- Exercise:
What's needed is an exact copy of the lines from the one that contains "Energielabel Gasthof 1-H Bocholtz" to the end of the data below, leaving the pictures out.

Data block below:

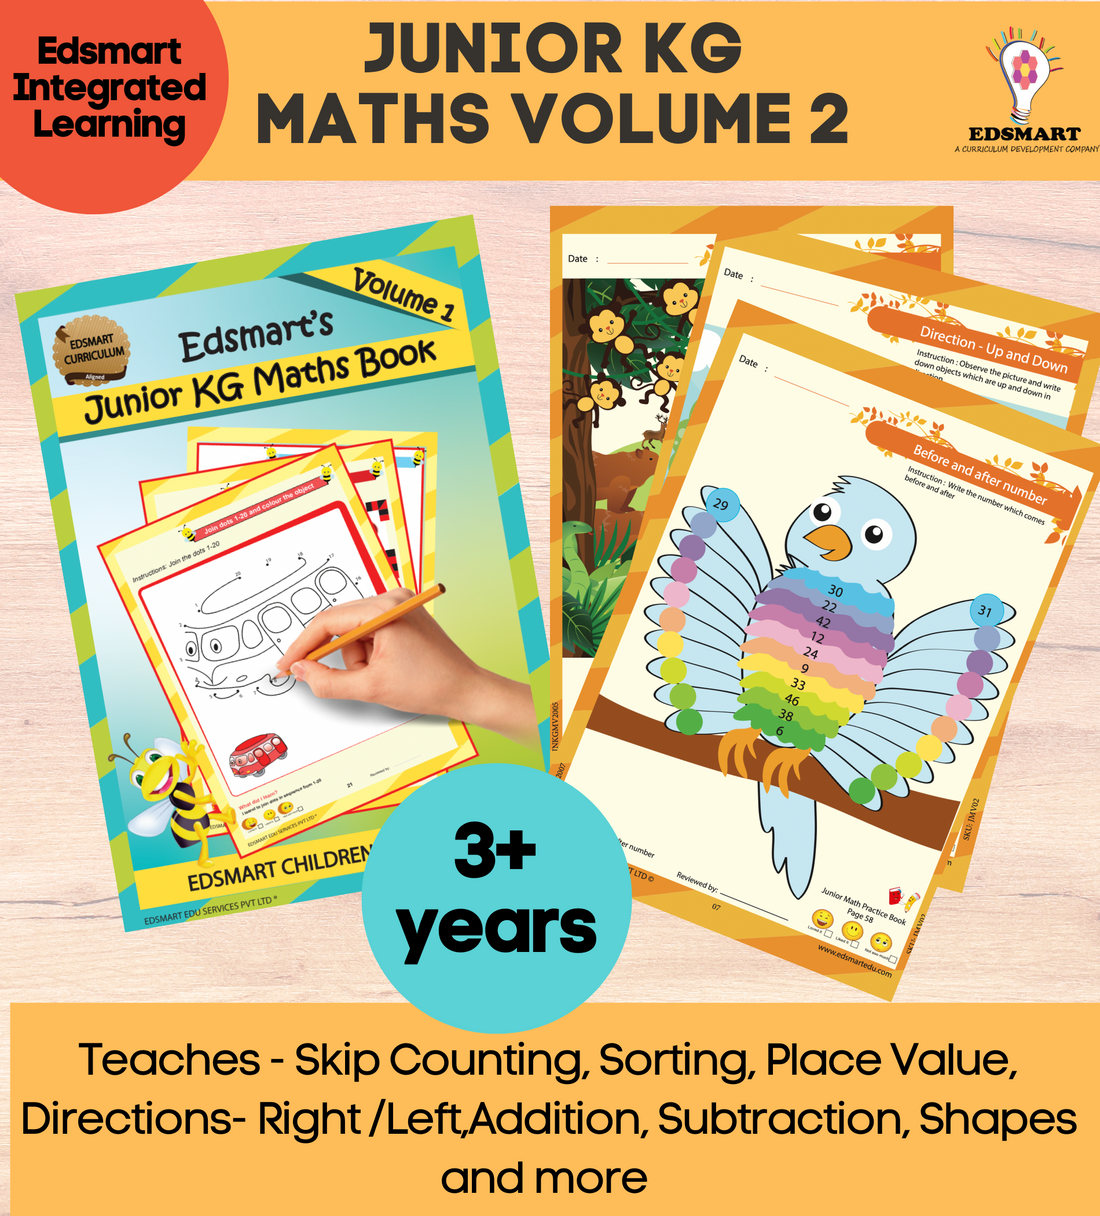 Text　books　Junior　Activity　Book　Kids　Maths　Kindergarten　CBSE　Activity　kids　KG　4+　for　Maths　Maths　LKG　Vol　Years　Books
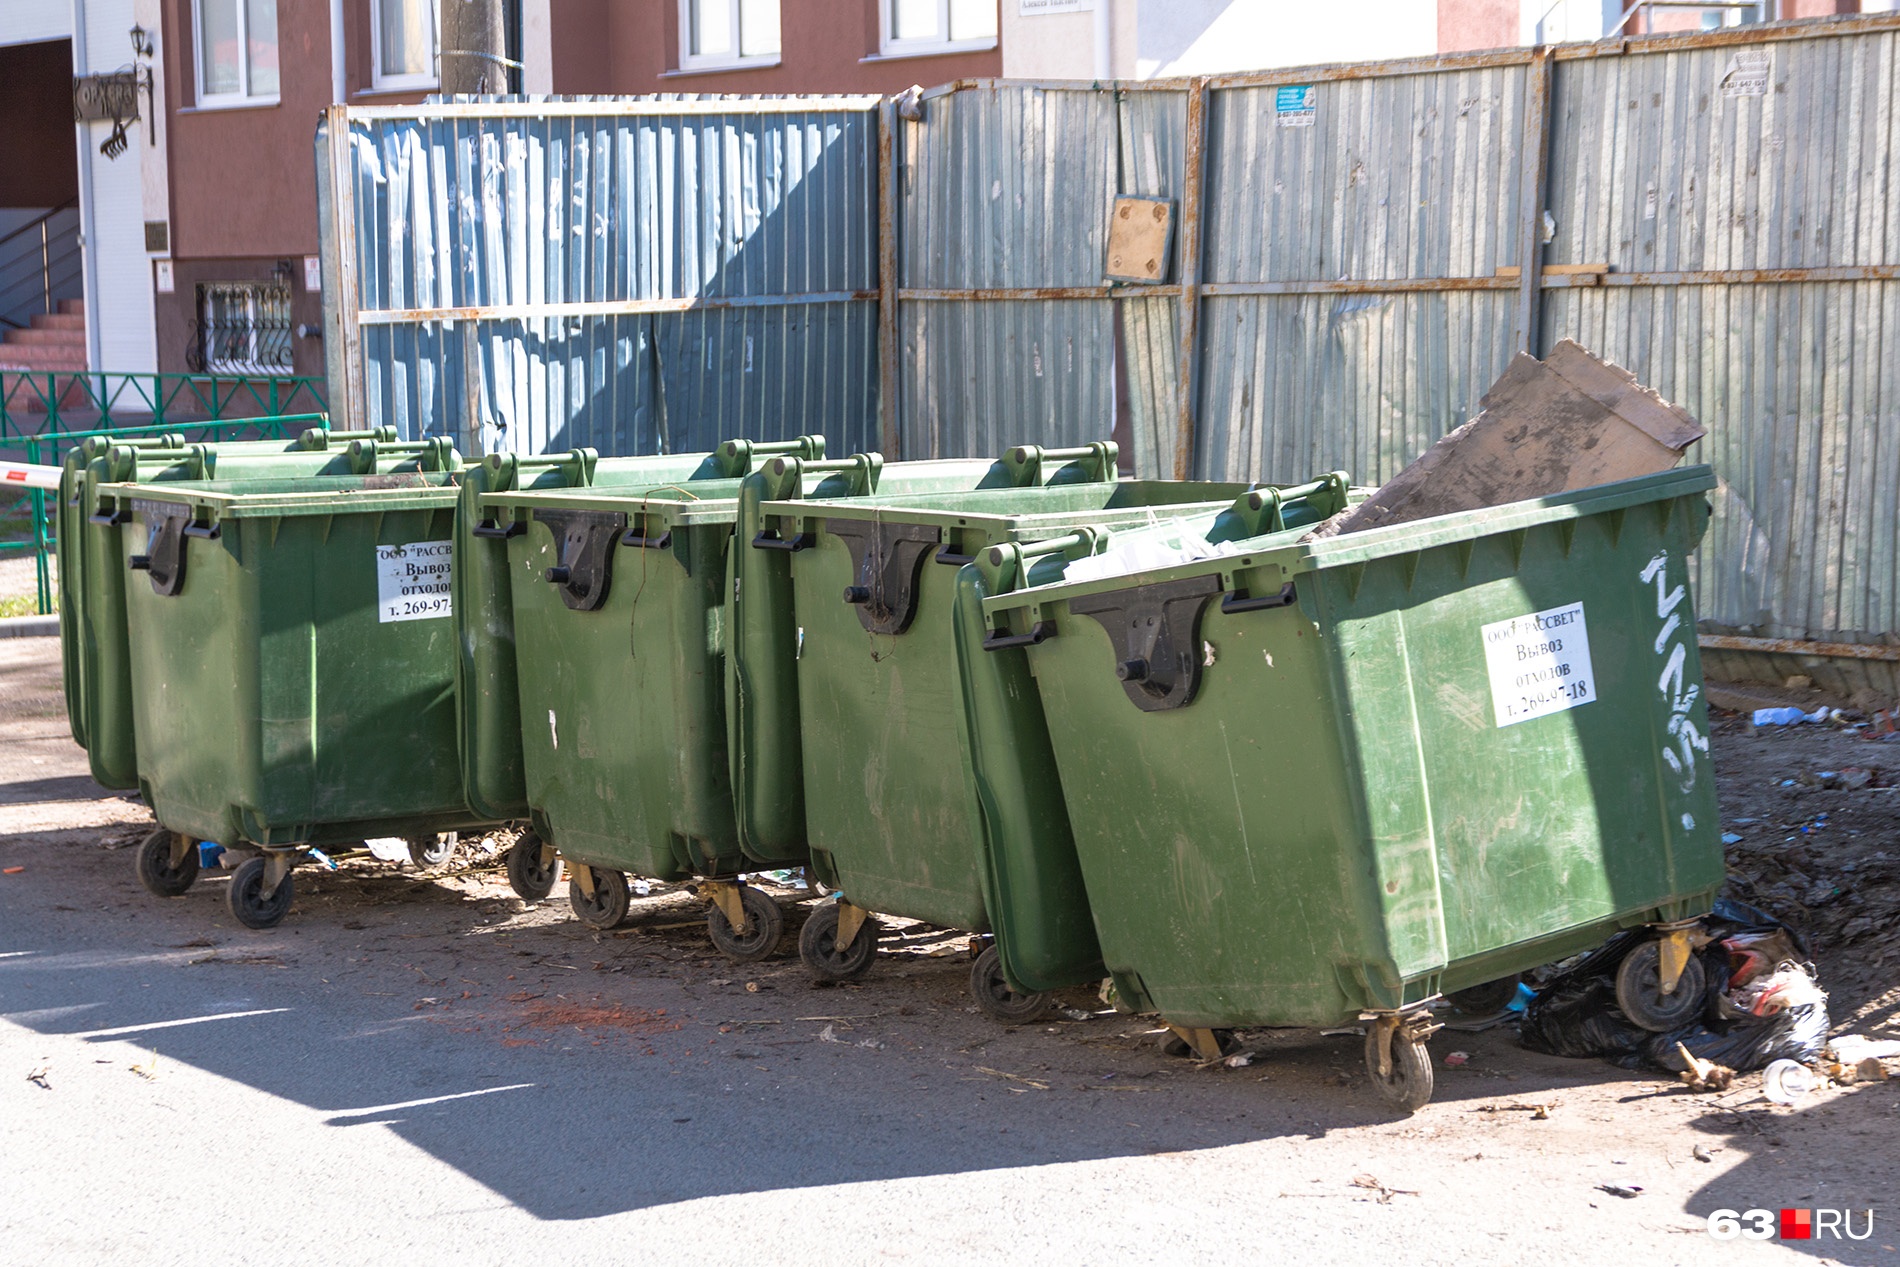 УФАС: «Регоператор завысил тариф на мусор для медучреждений в Самарской области в 12 раз»
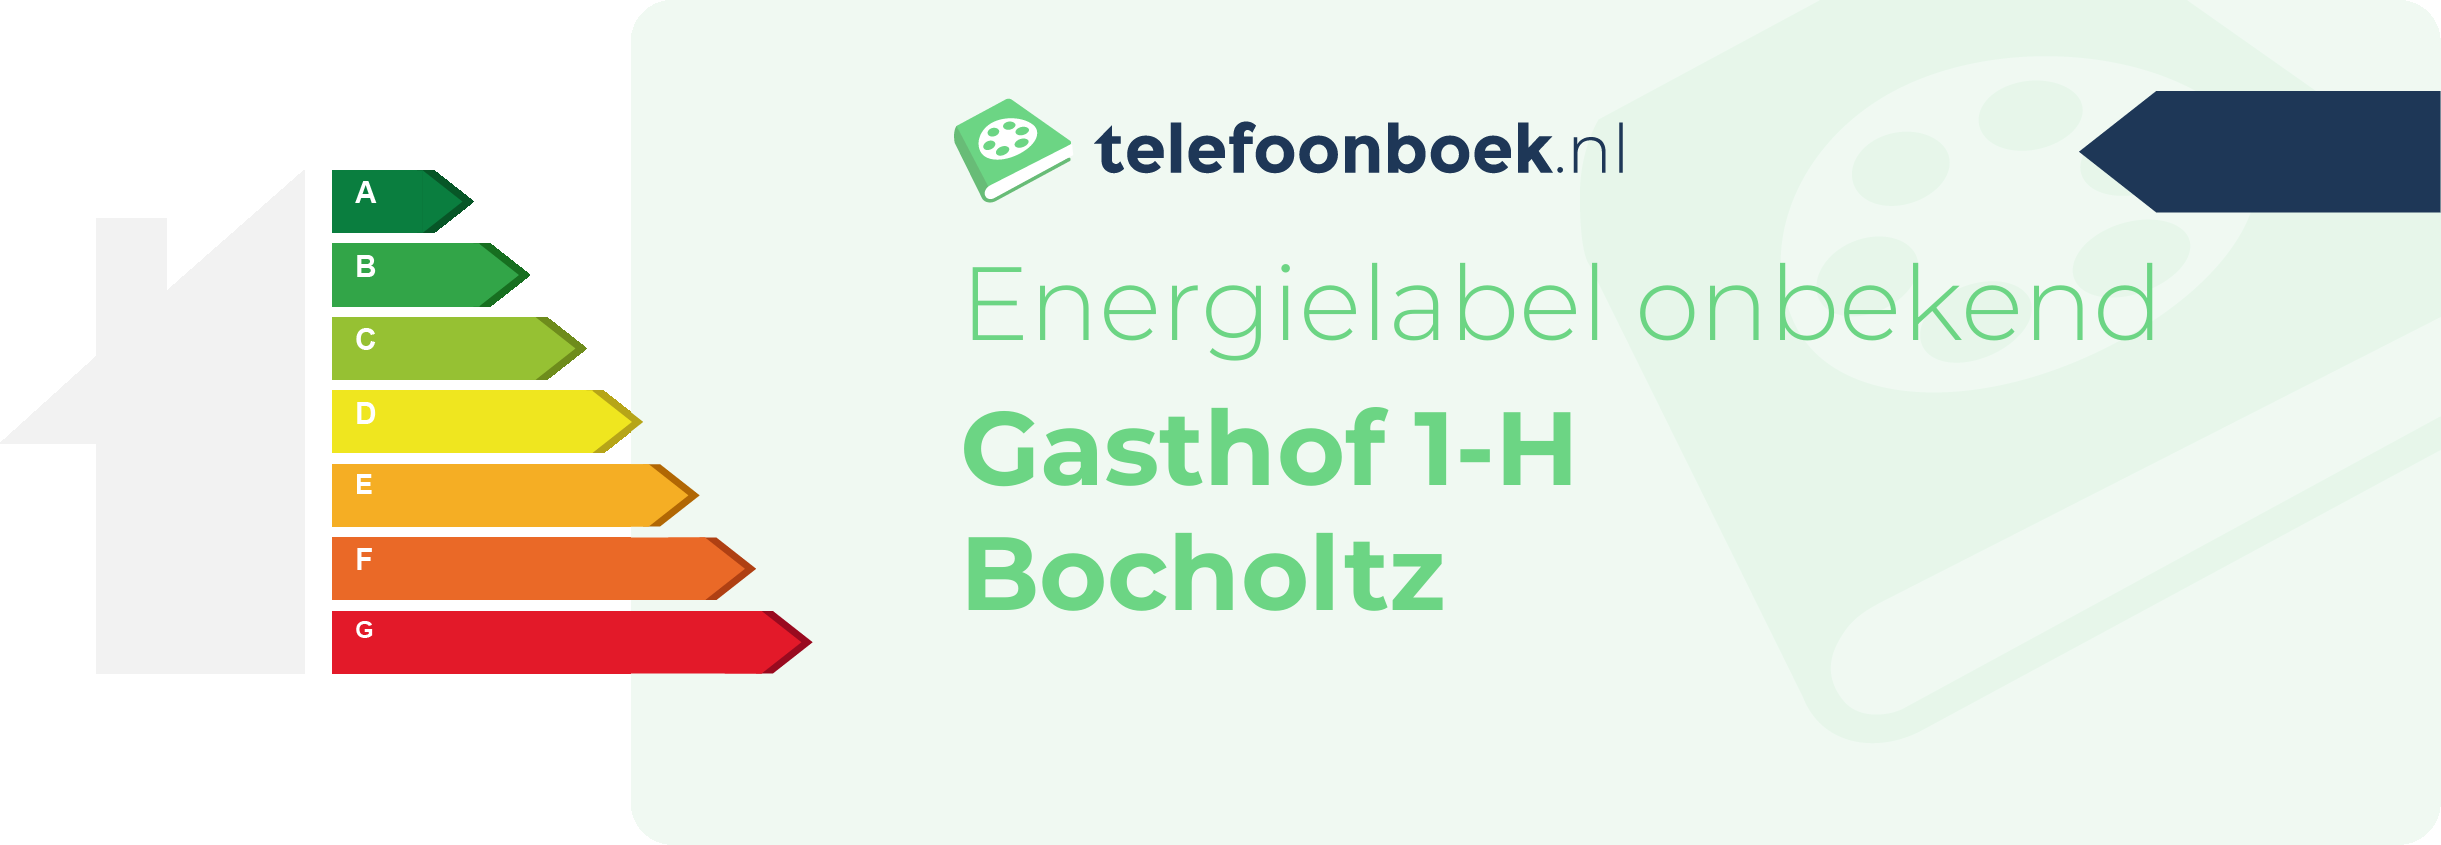 Energielabel Gasthof 1-H Bocholtz
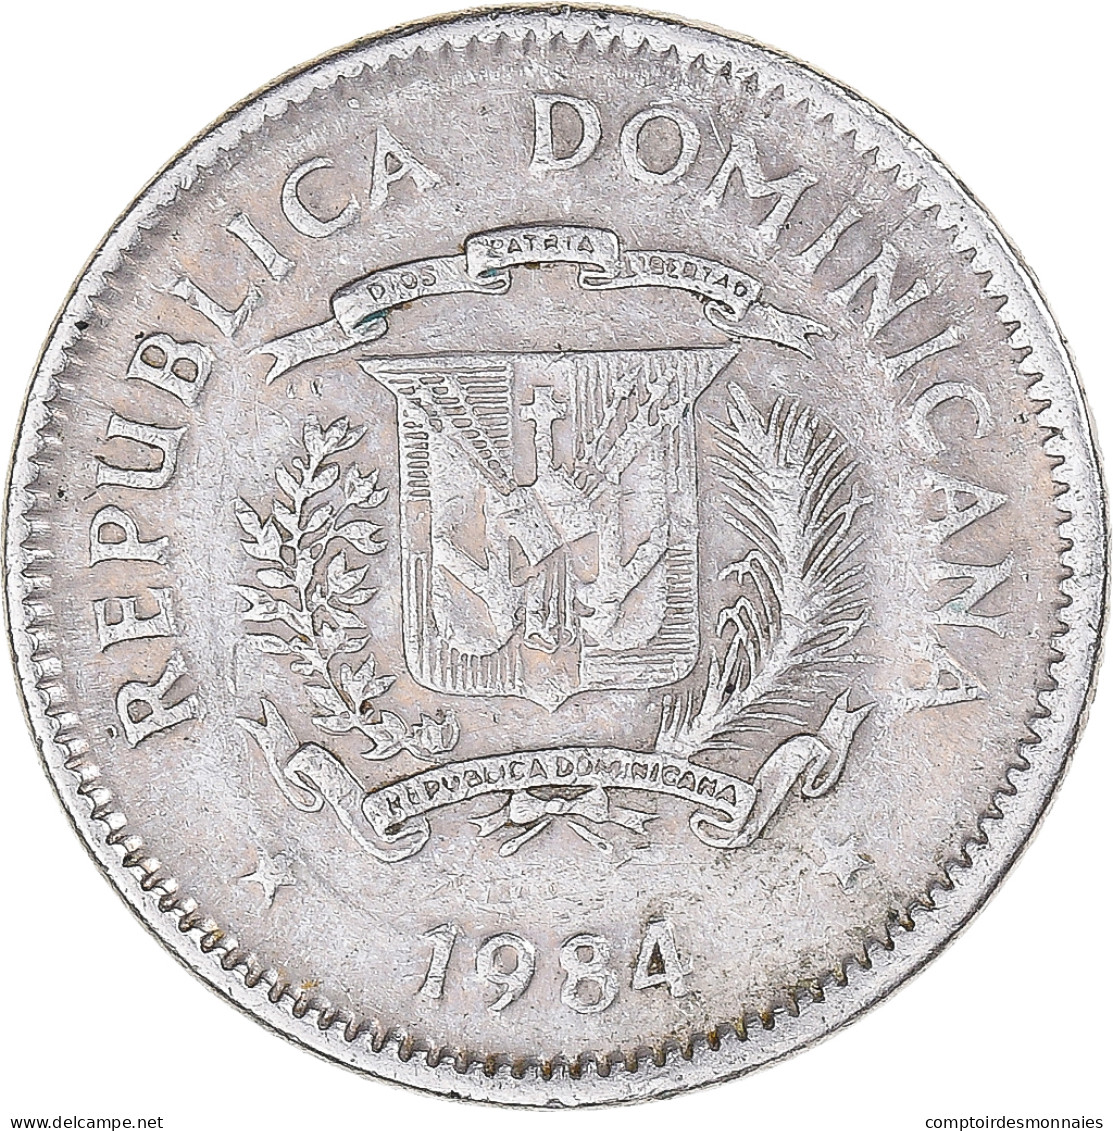 Monnaie, République Dominicaine, 10 Centavos, 1984 - Dominicaine

End of Data block.

- Result of this exercise:
 Energielabel Gasthof 1-H Bocholtz
 Monnaie, République Dominicaine, 10 Centavos, 1984 - Dominicaine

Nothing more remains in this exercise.